In my last post I wrote about my great great great grandfather Frederick G. Williams, who joined the church in Kirtland, Ohio, and traveled with Oliver Cowdery, Peter Whitmer Jr., Parley P. Pratt and Ziba Peterson on their mission to the native Americans living in the Indian territories.
Williams was later called to be the second counselor in the First Presidency, he donated land to the church for the construction of buildings to further the work of kingdom, and he saw an angel at the dedication of the Kirtland temple -- the angel was also identified as the Savior. But there were also trials; there were disagreements regarding his role as a justice of the peace, an argument with the prophet Joseph Smith regarding business affairs of the Kirtland Safety Society, and his daughter married a man who would be less than faithful to the church.

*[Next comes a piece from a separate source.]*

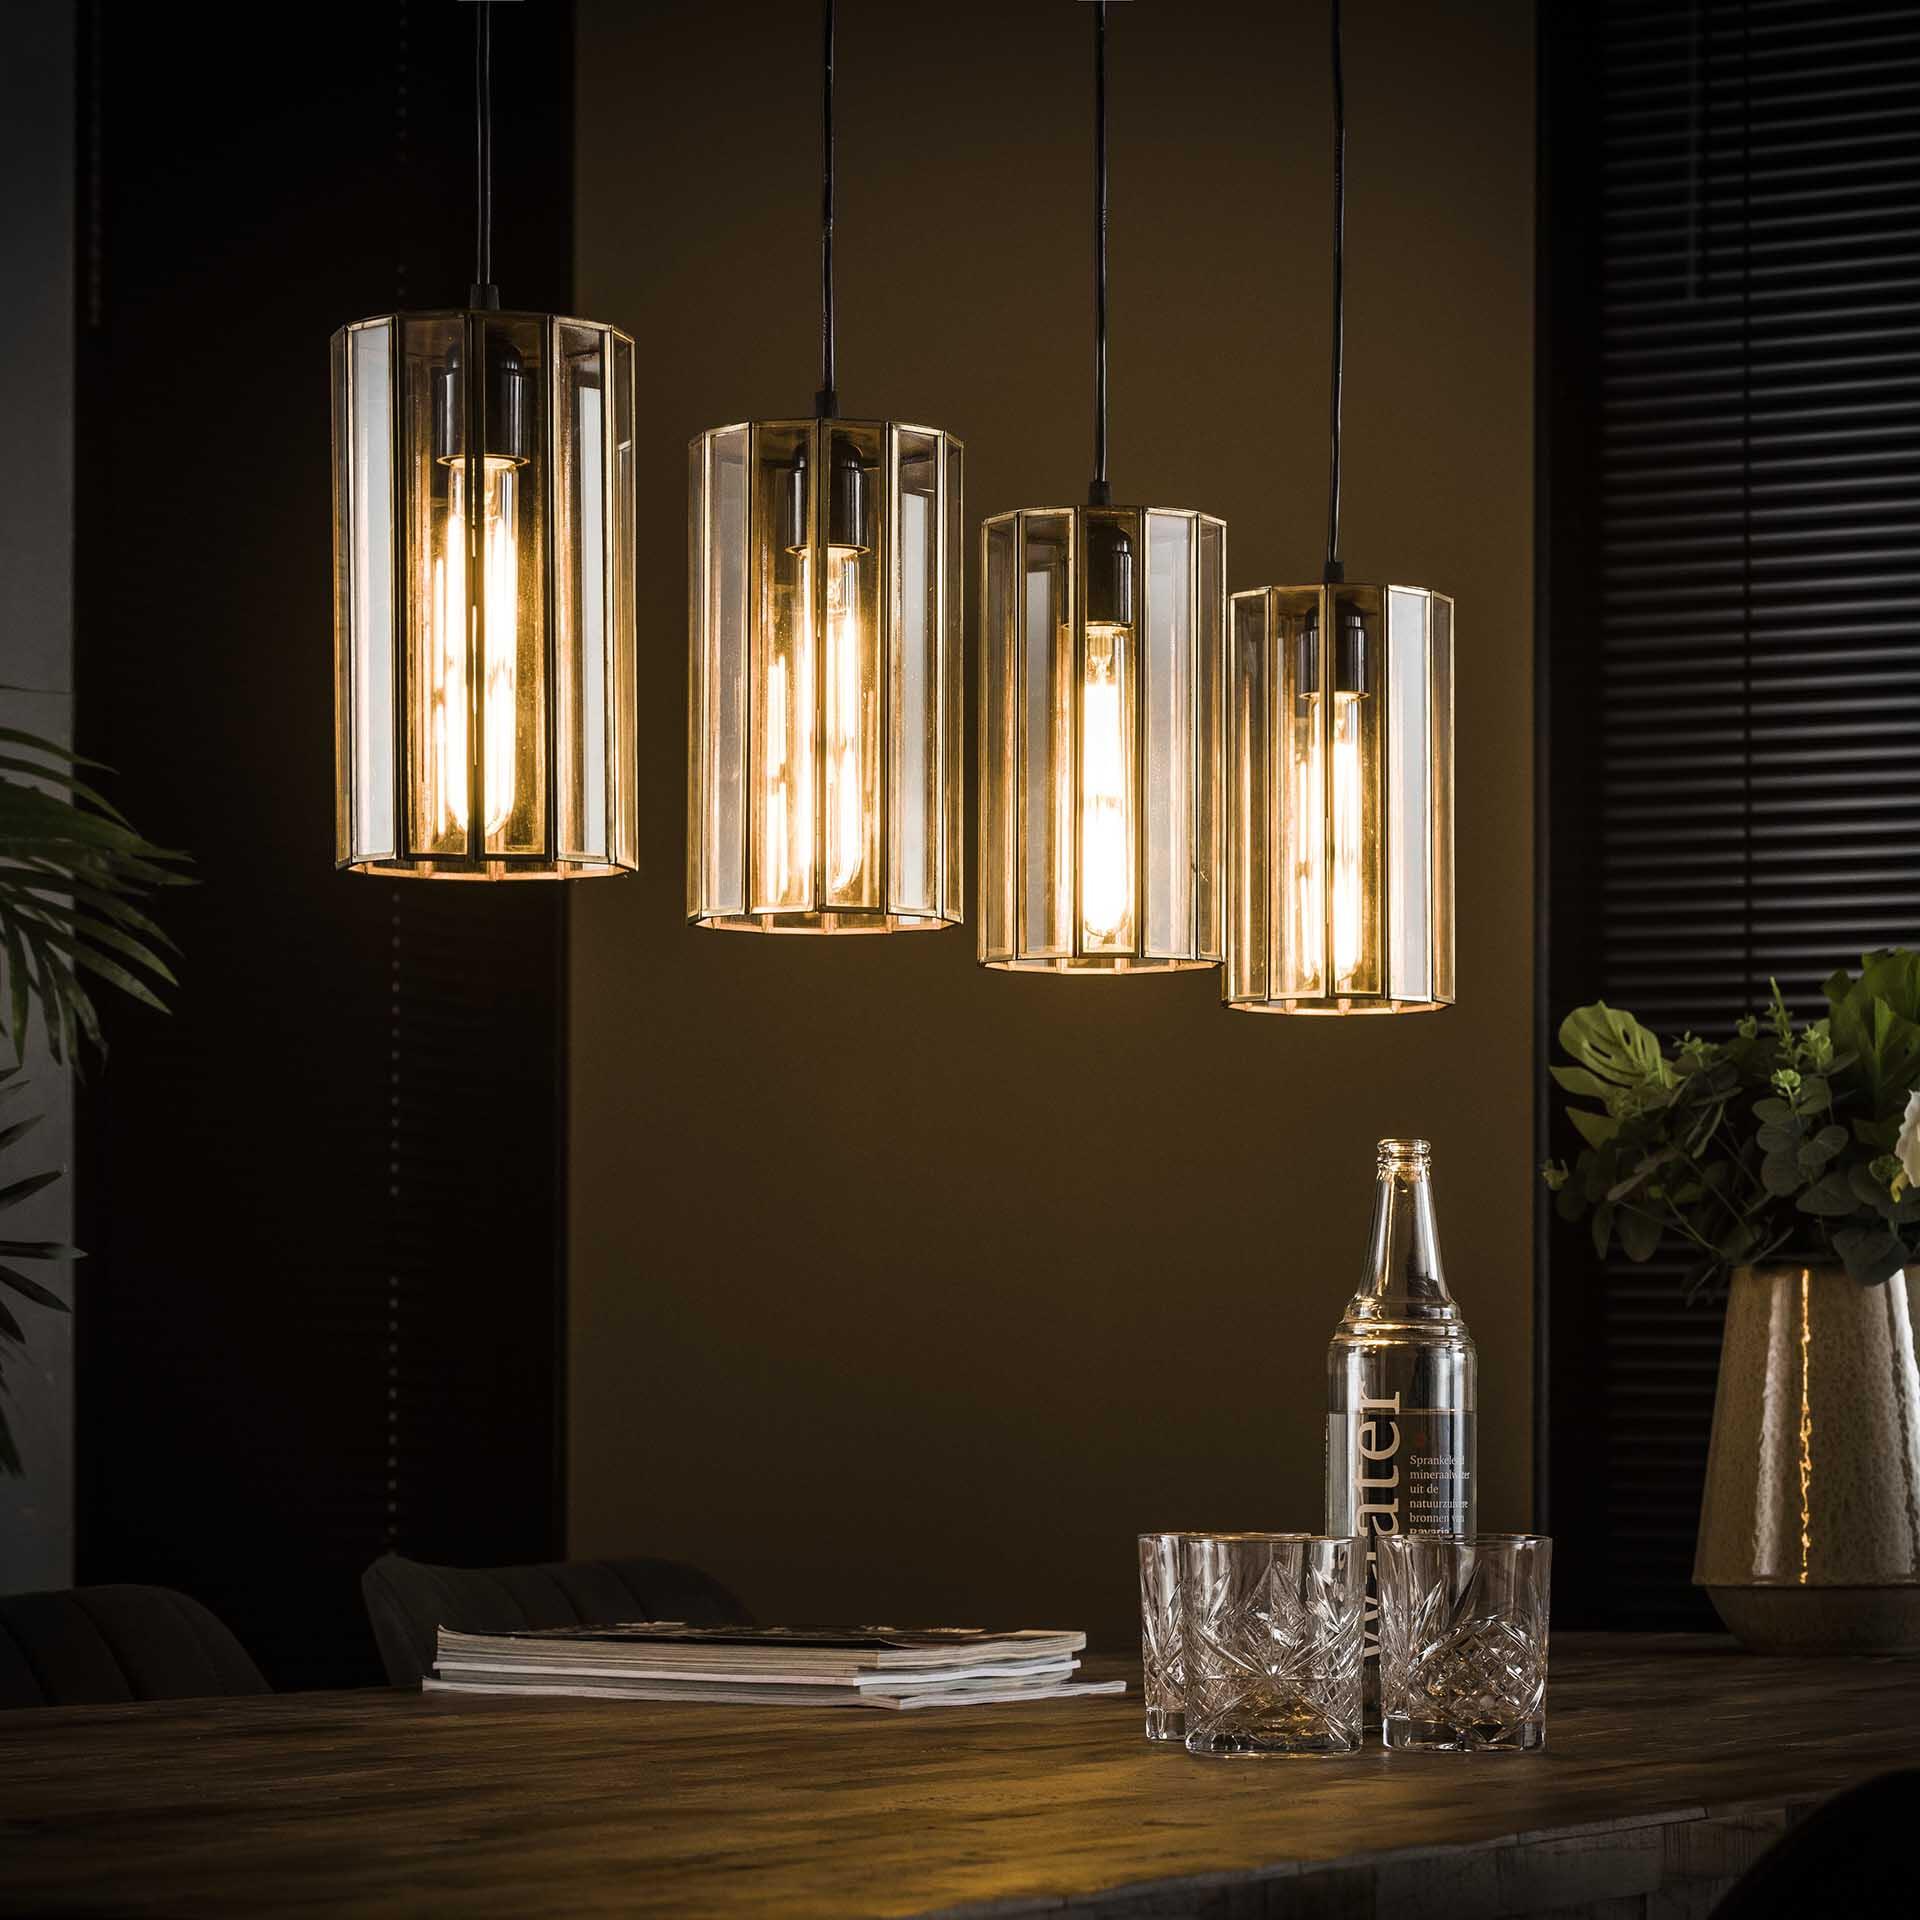 Hanglamp 'Douwe' 4-lamps, kleur Brons antiek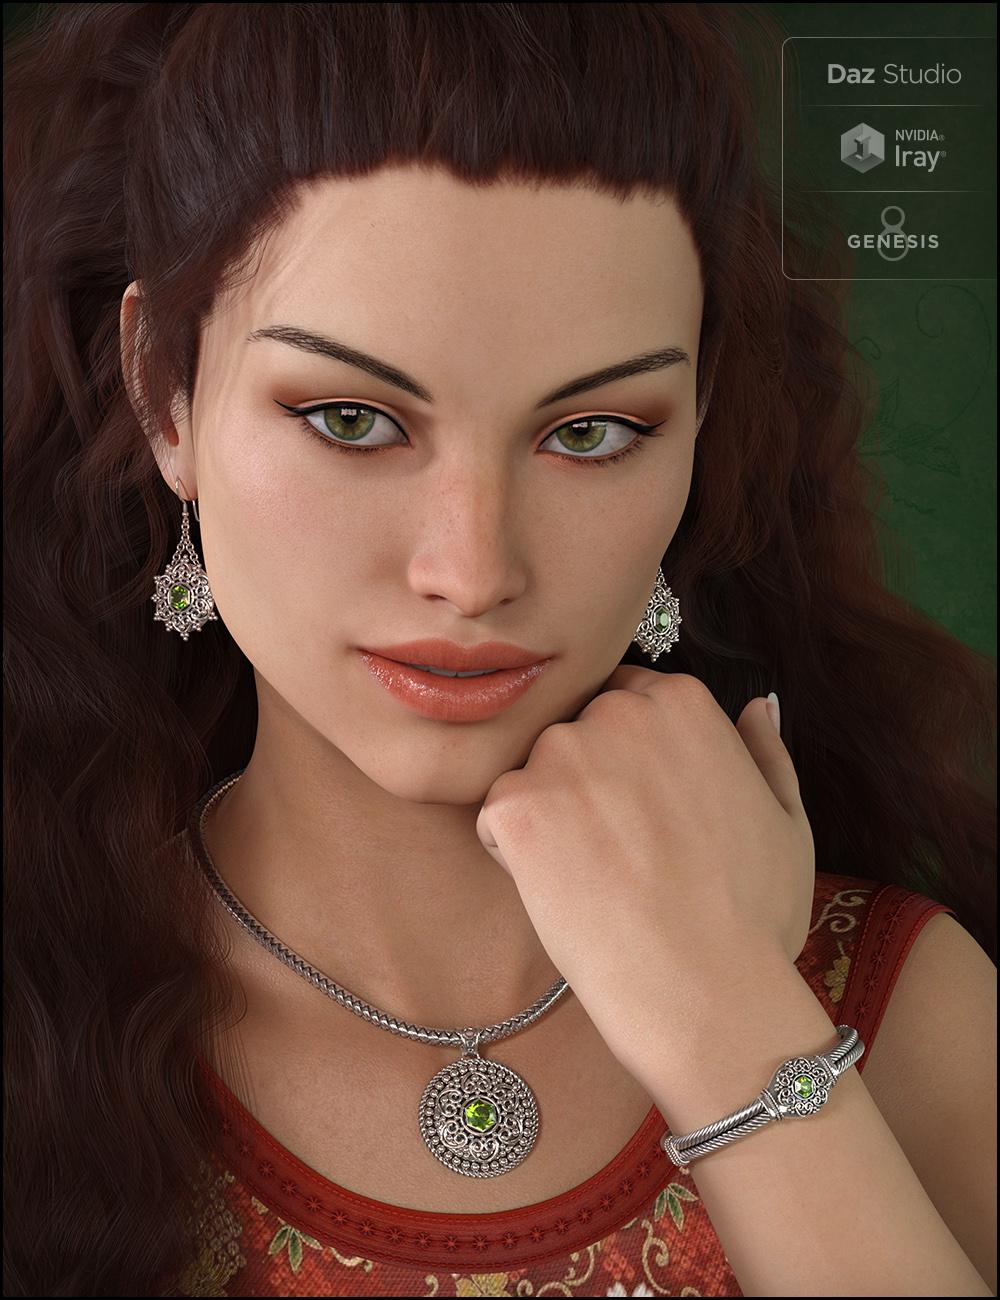 Bali Jewelry for Genesis 8 Female(s) by: Fisty & Darc, 3D Models by Daz 3D

The saints had experienced difficulties in building up the Kingdom of God in Ohio and in Jackson Country, Missouri. Yet this was followed by the Pentecostal experience at the dedication of the Kirtland temple. Such a marvelous experience as this, however, failed to provide protection in the troubles that followed, and some fell away, like many of those Lehi saw in his dream, to wander off in forbidden paths. Others went through the same experiences, but remained faithful through still more trials in Missouri and Illinois.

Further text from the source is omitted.